*Dataset excerpt*.
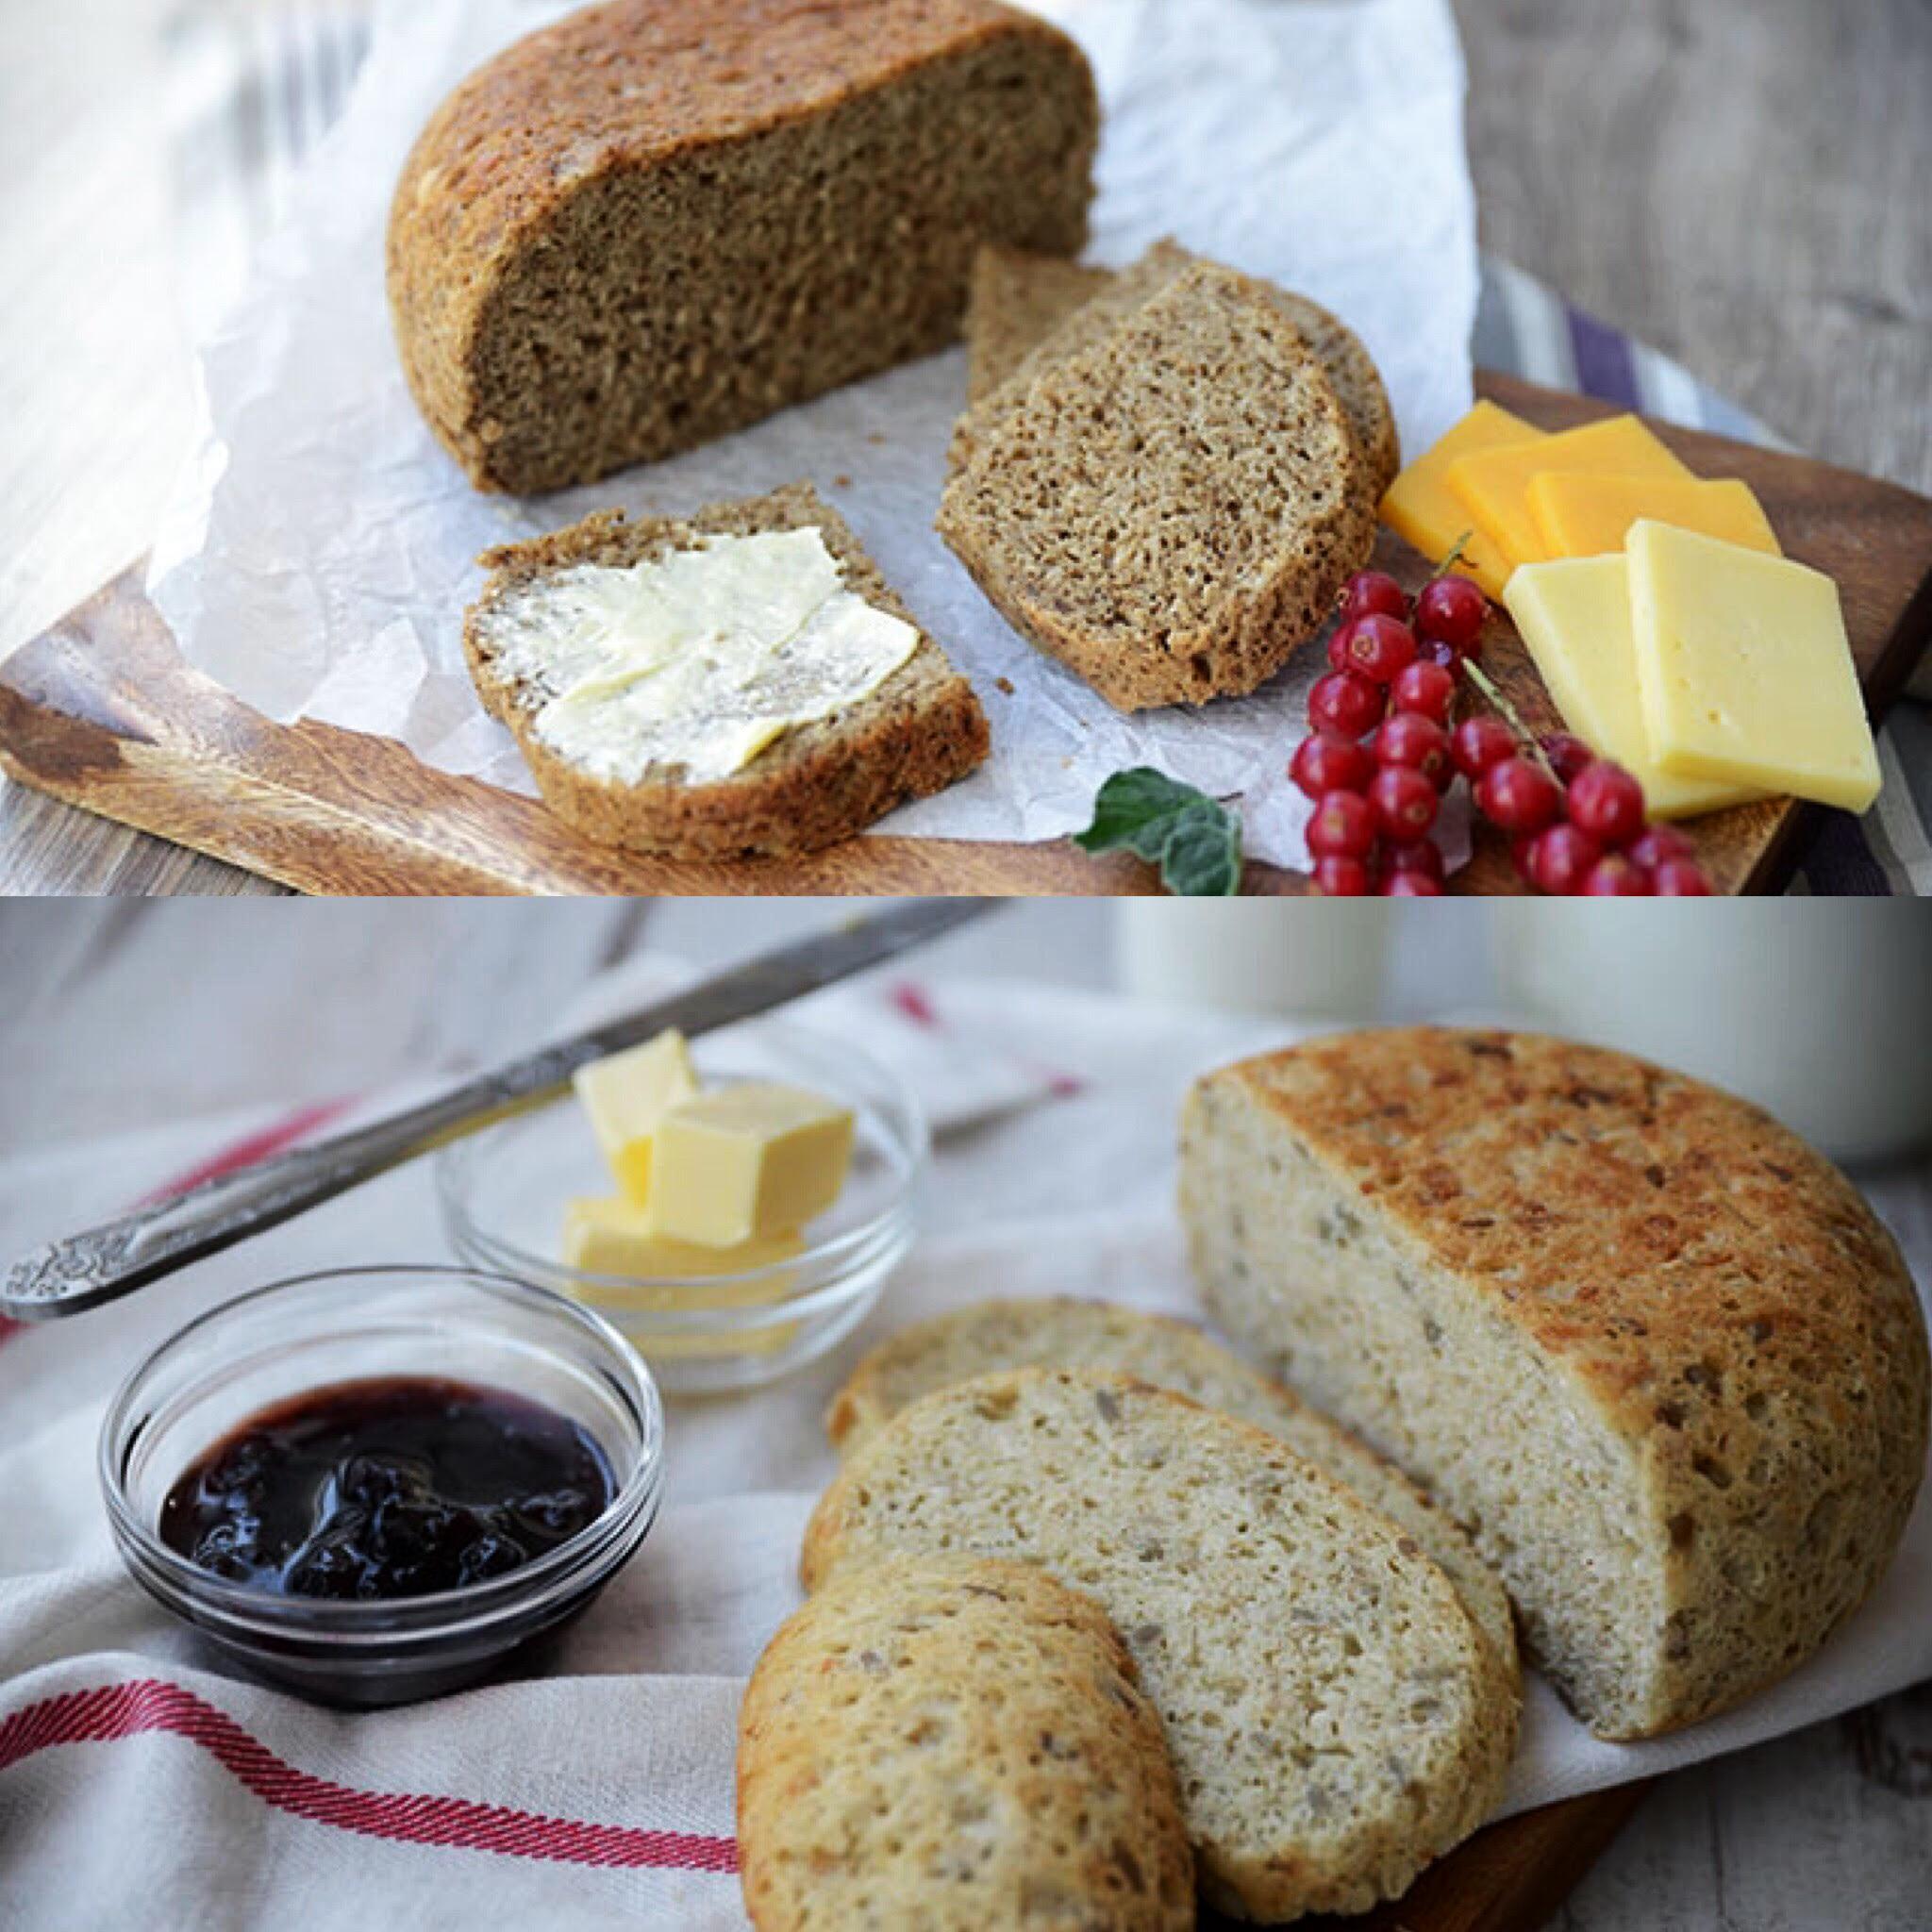 Хлебный край: эксклюзивные рецепты домашнего хлеба, которые сделают из вас настоящего пекаря
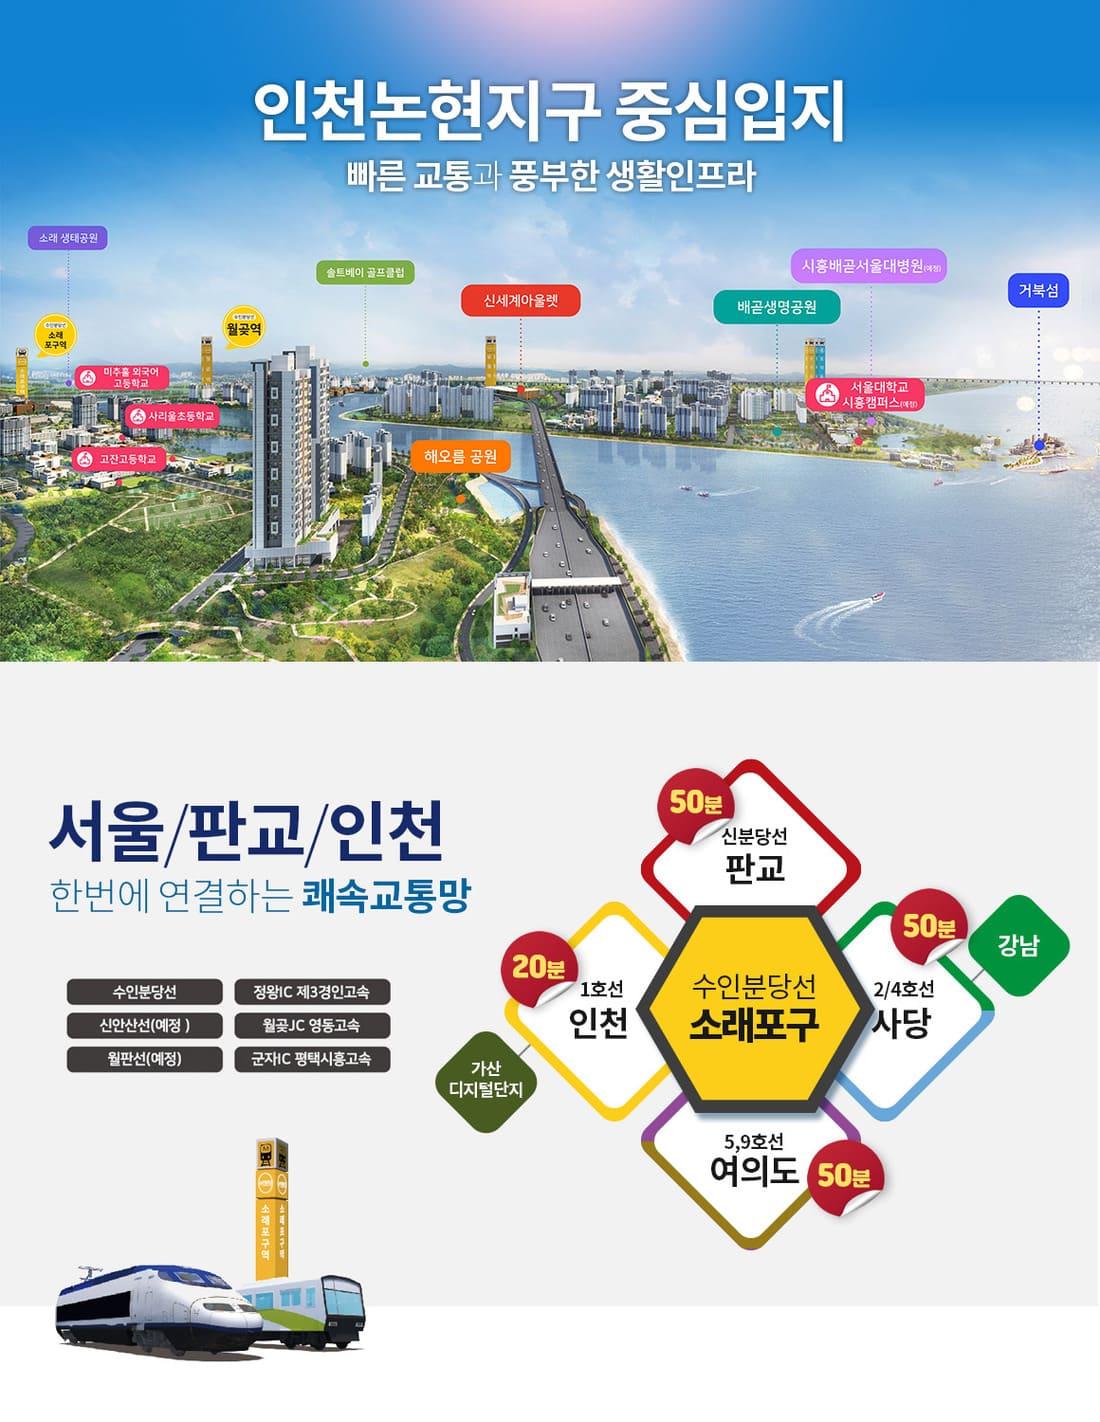 인천논현아리스타-입지정보
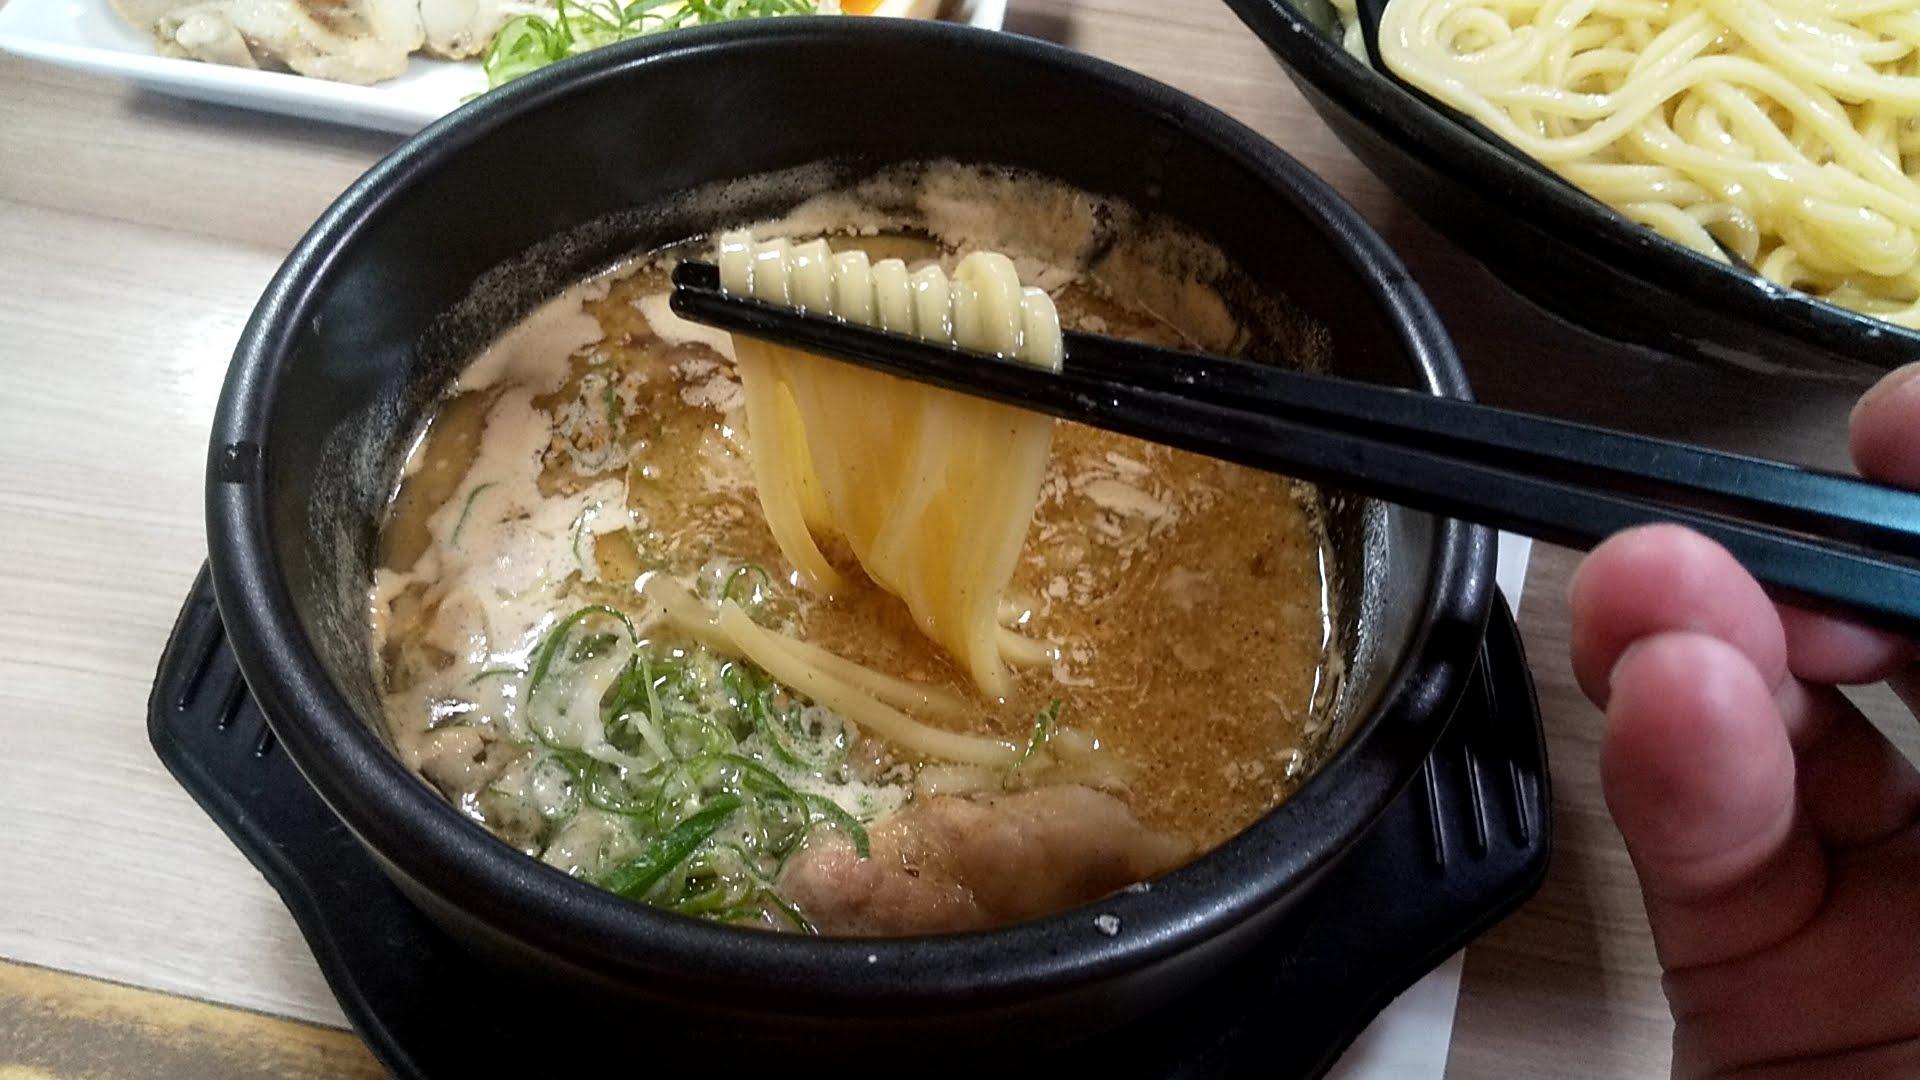 越後つけ麺維新の特製かつおつけ麺の麺リフト2

*Work required*. Copy the data exactly. Any picture it contains is to be omitted.

*Task output*.
 Хлебный край: эксклюзивные рецепты домашнего хлеба, которые сделают из вас настоящего пекаря
 인천논현아리스타-입지정보
 越後つけ麺維新の特製かつおつけ麺の麺リフト2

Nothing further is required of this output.